Data excerpt Start Marker

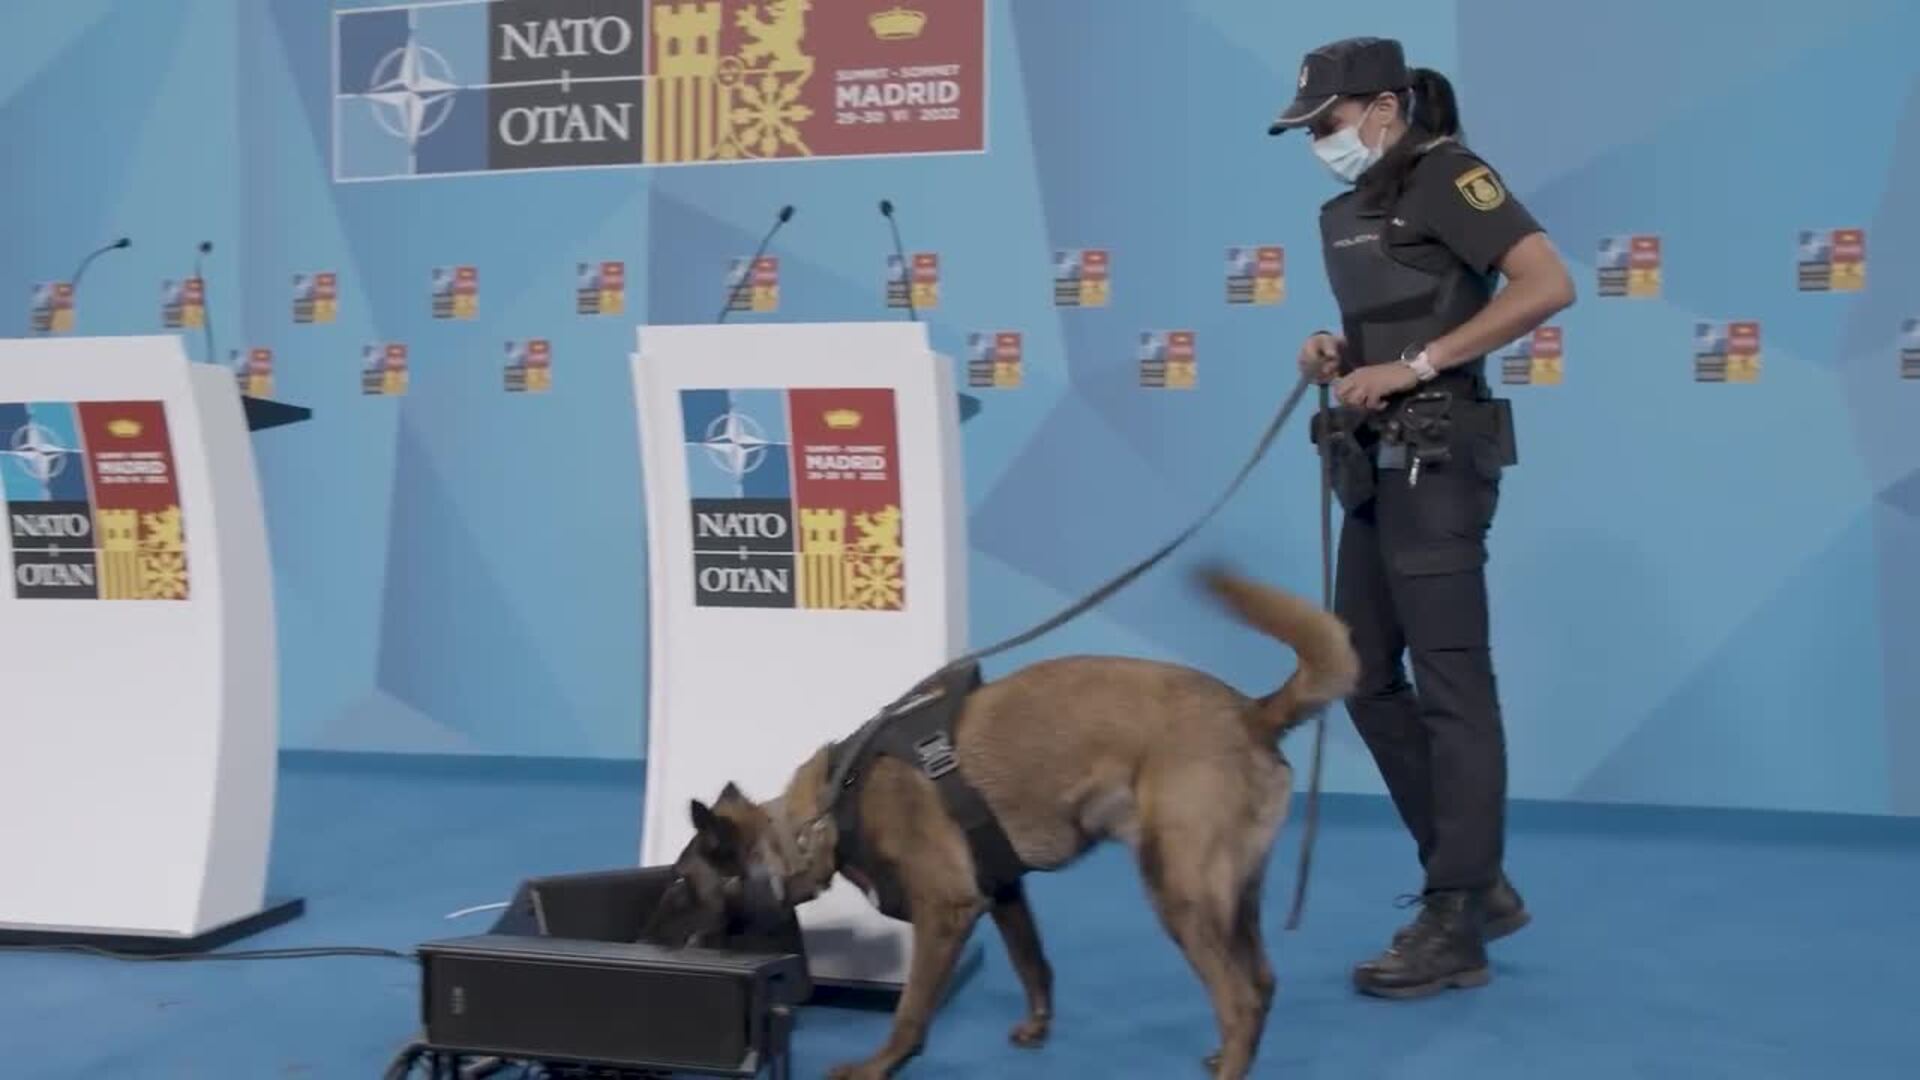 Cumbre OTAN - Preparativos Policia
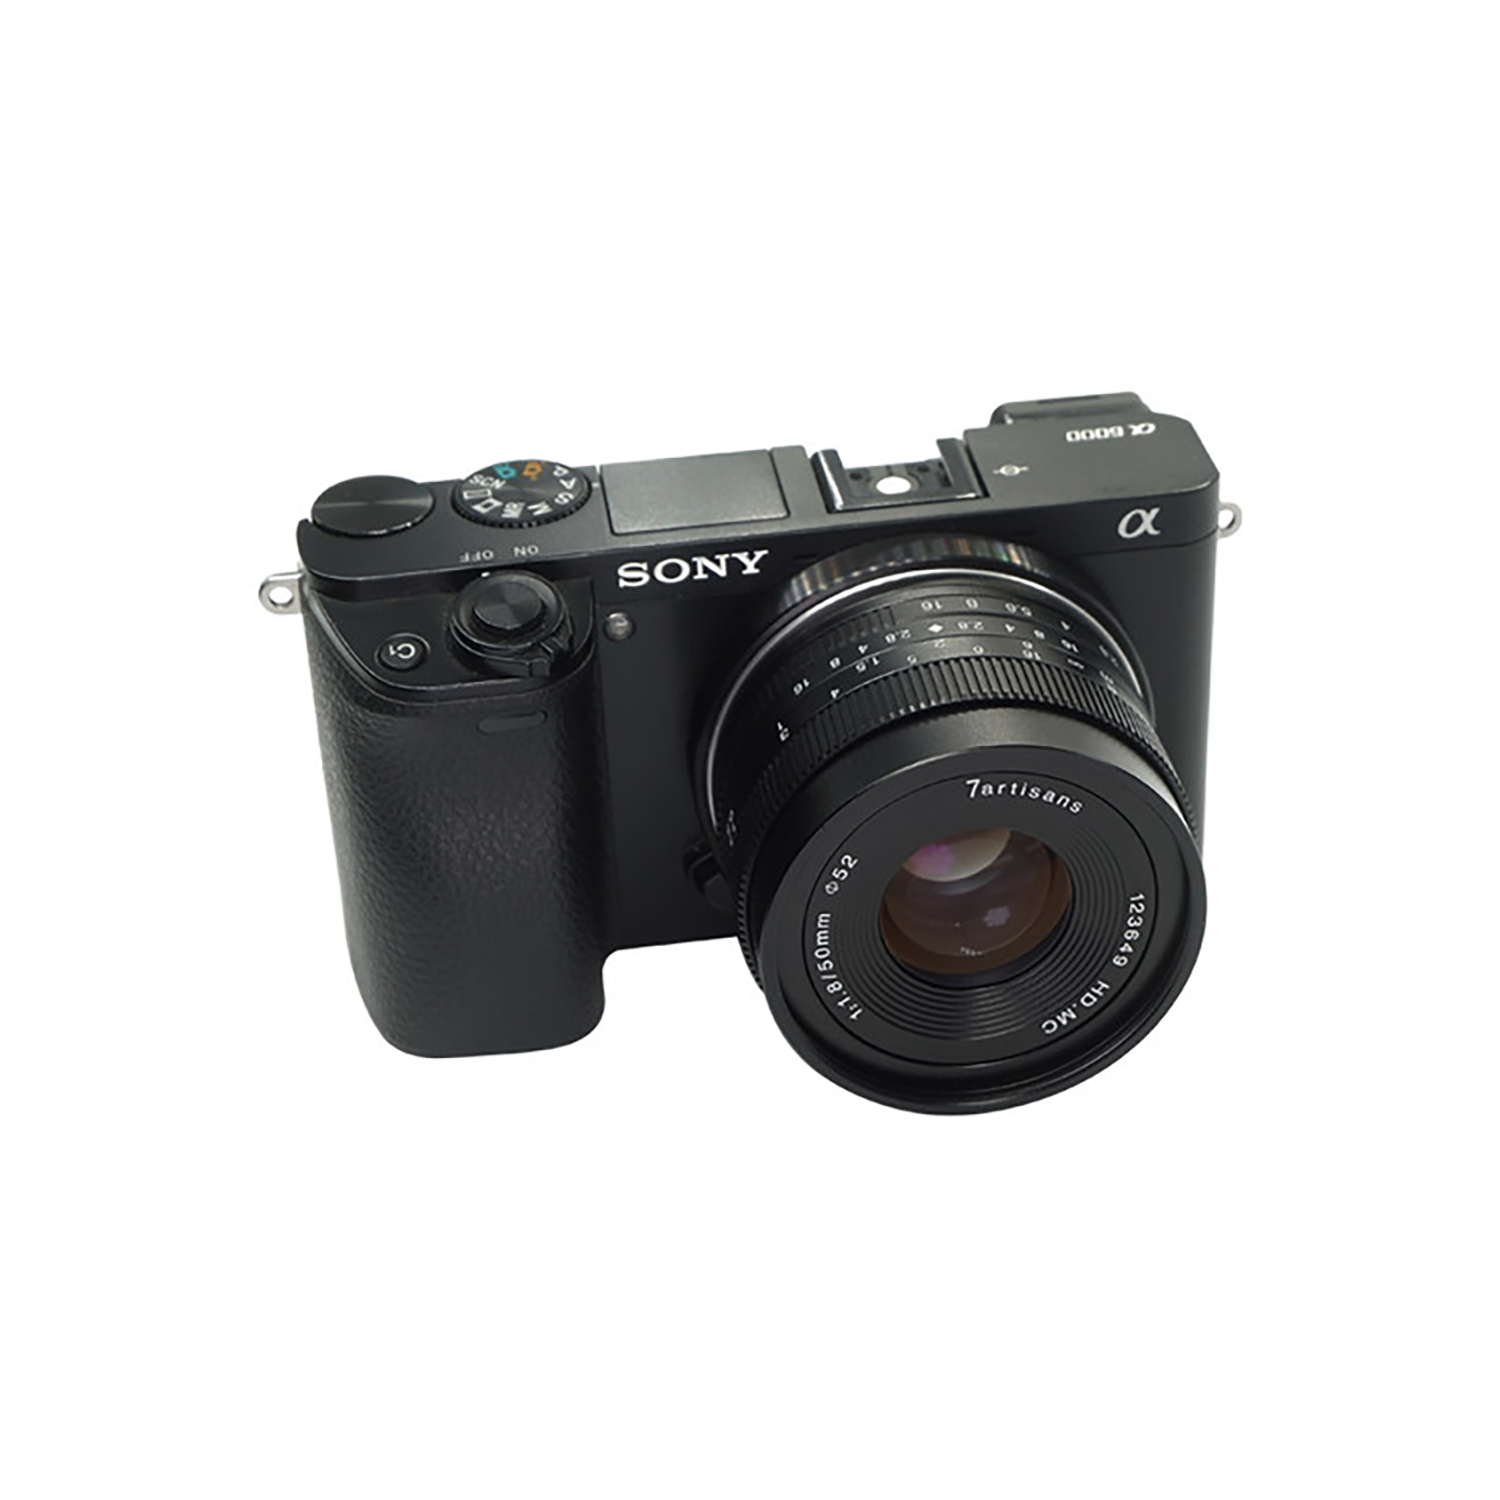 7artisans photoélectrique 50 mm f / 1,8 objectif pour le support Sony E
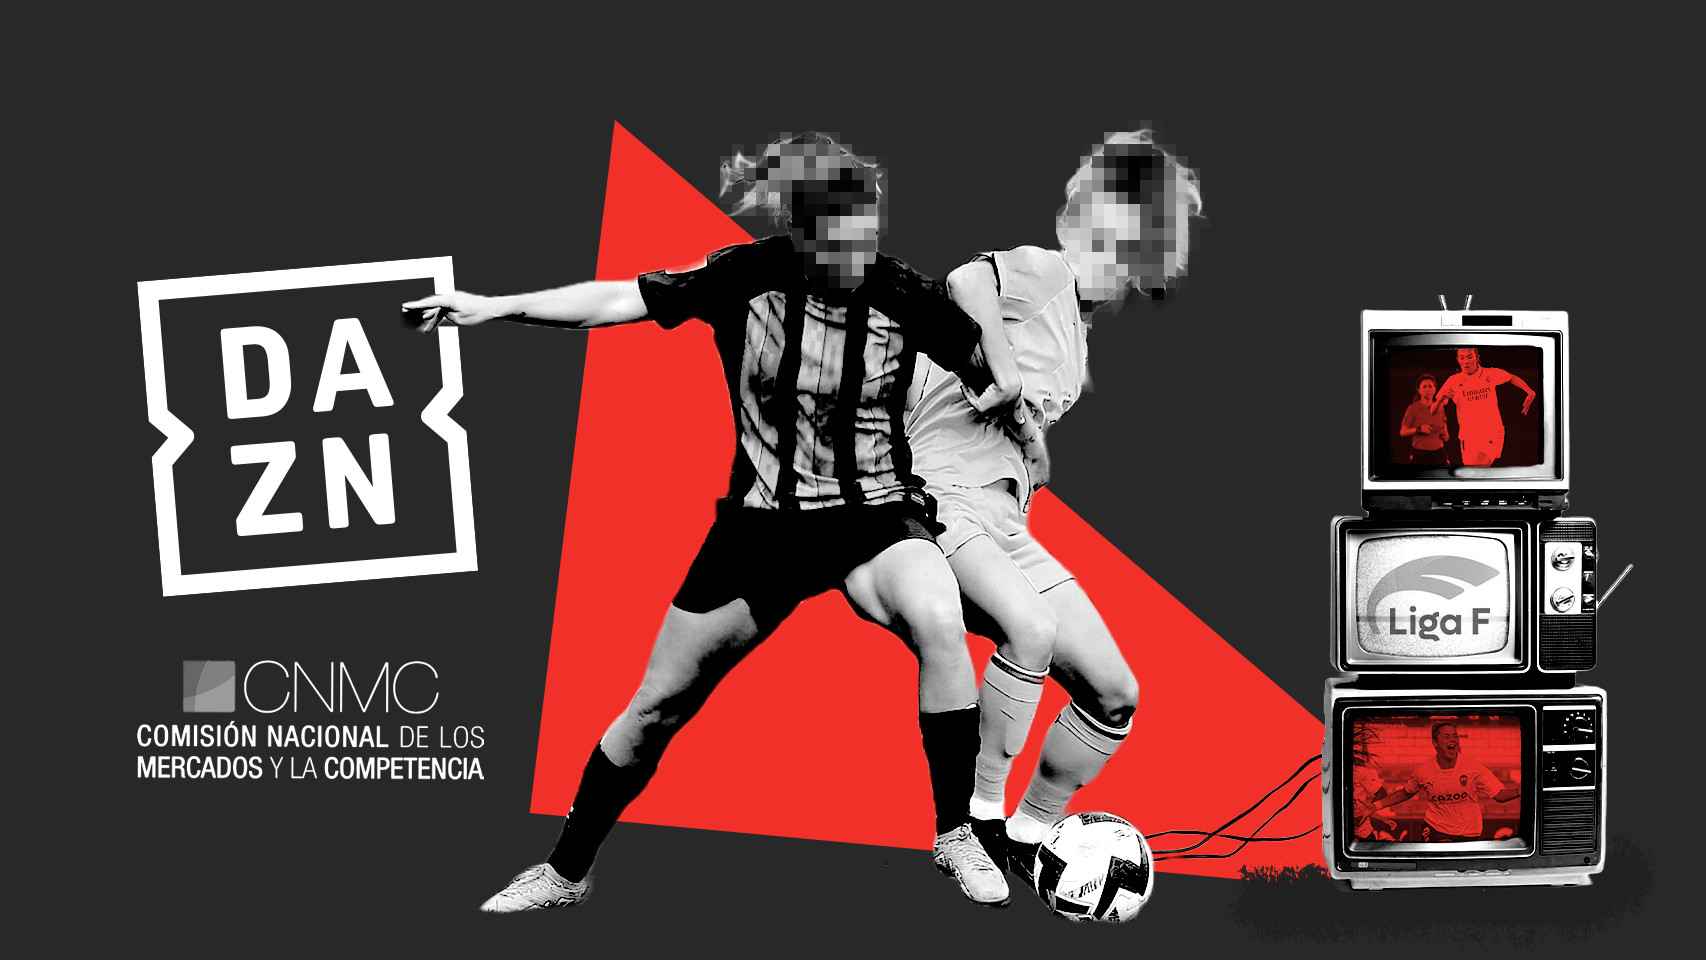 La Liga Femenina de fútbol adjudicó ilegalmente sus derechos de TV a Dazn y Mediapro, según la CNMC

Data excerpt End Marker

== Aim of the task ==
Could you retype exactly the lines running from the one with "7artisans photoélectrique 50" to the end of the material above, pictures omitted?

== Answer section ==
 7artisans photoélectrique 50 mm f / 1,8 objectif pour le support Sony E
 La Liga Femenina de fútbol adjudicó ilegalmente sus derechos de TV a Dazn y Mediapro, según la CNMC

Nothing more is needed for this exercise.